The Iranians, they've got complaints. And they're not getting smaller in number, they're getting increasingly more vocal in number. But with all these complaints and protests against their own government, you can be damn sure they remember 1953. You can be damn sure they're a proud people that don't want outsiders meddling in their internal affairs. So again: why would we do such a monumentally stupid thing as invade them? By and large, I believe that people should have an inalienable right to self-determination and we should support the Iranians and their complaints however they'd like us too and otherwise leave them alone.

Finally, we've got to consider the fallout of all of this. The much bally-hooed Iranian nuclear deal seems to be finally dead-- but here's the kicker: you can argue that all the extra cash is what gave Iran the flexibility to project their power and fund proxy wars throughout the region.
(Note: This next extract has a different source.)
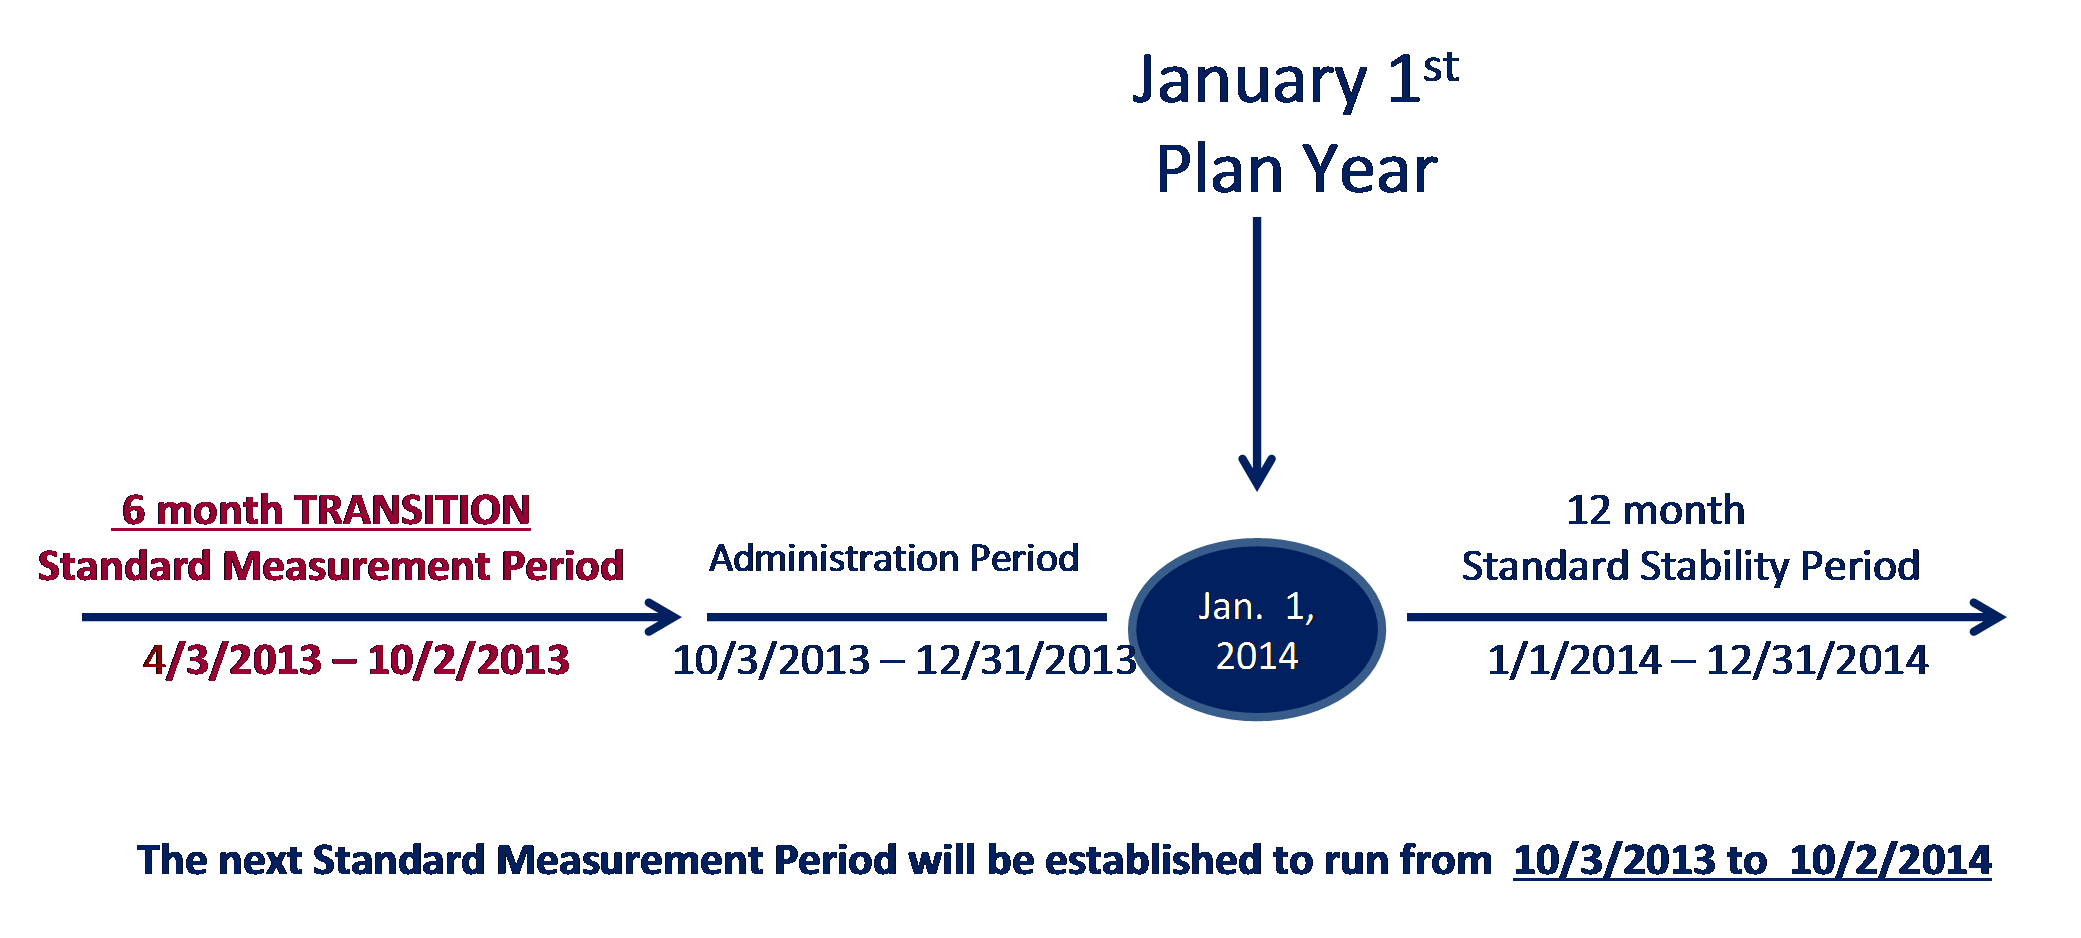 Plan Year 5

With the deal gone and economic sanctions squeezing them tighter and tighter, I think their ability to respond is somewhat constrained- but when you're bankrolling terrorists and non-state actors, an ability to respond doesn't have to cost you that much money to be effective and potentially devastating.

I wasn't all that crazy about the news that Iraq was voting to expel US troops, but (no surprise), it appears that there's more to the story than is being reported--  to be fair, I'm not sure how 'on the level' this Twitter thread is, but it seems credible enough to link to, so y'all can read and decide for yourselves.

I'm for sure not crazy about the amount of pearl clutching over a drone strike-- where the hell have y'all been? President Obama be droning folks all over the place and nary a peep was heard-- but President Trump drones one dude and everyone loses their damn mind! Pick one, people- either the drone striking thing is bad or it's not. Either it needs more Congressional oversight or it doesn't. Do I also think it's well past time for Congress to, you know, do it's job and rein in some of these war powers? Absolutely. Do I think it'll actually happen? No, because that would require Congress to be accountable and responsible for something, two things that we all know that they're super good at.

At the end of the day, does this assassination represent an escalation? Sure does. Does that mean that we're now entering a realm of uncertainty where a whole spectrum of things ranging from 'not that much of anything' to 'World War III' could happen? Sure does. But am I going to say that it was a unequivocally bad thing? No, because...  well, he was a fucker. And if you're going to orchestrate a storming of our Embassy and goodness knows what else, then call me crazy, I'd much prefer we drone you, architect of chaos, than invade a country and spend god knows how much money and blood trying to get it back into a good enough shape that we can leave.

Here's a hot take for y'all to consider: how much of this is bluster and how much of it is actually real life? Because the more I read, the more I gotta wonder...  if deterrance is our policy toward Iran these days, I think we just sent a pretty convincing message that we will no longer be fucked with.

Do I think we're going to get into an out and out war with Iran?

In general, I don't- at least not this week, anyway.

*To reiterate, I'm not about targeting cultural sites, but the symbolism of picking 52 of them to represent the Iranian hostages is the kind of symbolic rhetoric the Iranian government has trafficked in for years, so I can appreciate the rhetorical symbolism even if I heartily disapprove of it being said out loud.